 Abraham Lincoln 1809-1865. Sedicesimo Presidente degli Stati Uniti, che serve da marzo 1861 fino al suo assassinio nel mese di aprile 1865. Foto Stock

---

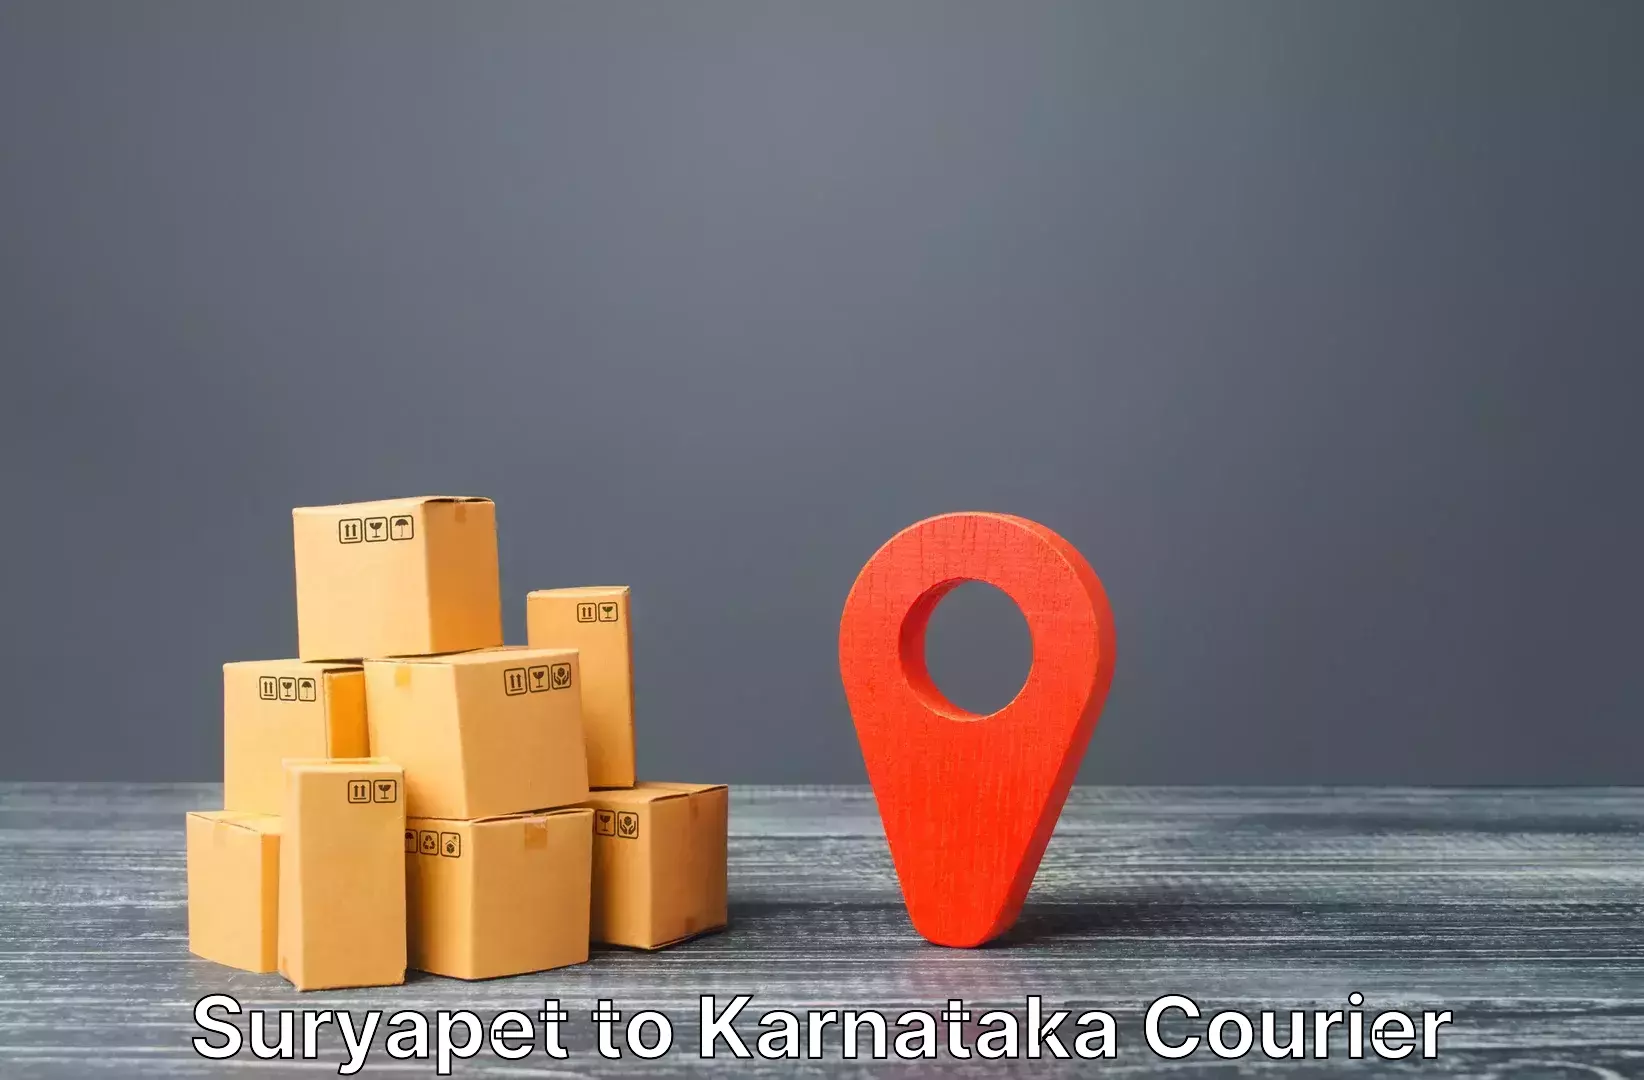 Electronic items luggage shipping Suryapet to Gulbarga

...

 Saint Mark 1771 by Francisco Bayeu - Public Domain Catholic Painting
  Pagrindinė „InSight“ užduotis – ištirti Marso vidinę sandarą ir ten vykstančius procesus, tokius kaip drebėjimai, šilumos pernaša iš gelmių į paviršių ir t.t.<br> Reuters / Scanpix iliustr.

Activity:
The stretch of entries above that starts with the line containing "Saint Mark 1771" and goes on through the line containing "t.t.<br> Reuters / Scanpix iliustr." is to be transcribed exactly, and no other line is to be transcribed.

Answer:
 Saint Mark 1771 by Francisco Bayeu - Public Domain Catholic Painting
  Pagrindinė „InSight“ užduotis – ištirti Marso vidinę sandarą ir ten vykstančius procesus, tokius kaip drebėjimai, šilumos pernaša iš gelmių į paviršių ir t.t.<br> Reuters / Scanpix iliustr.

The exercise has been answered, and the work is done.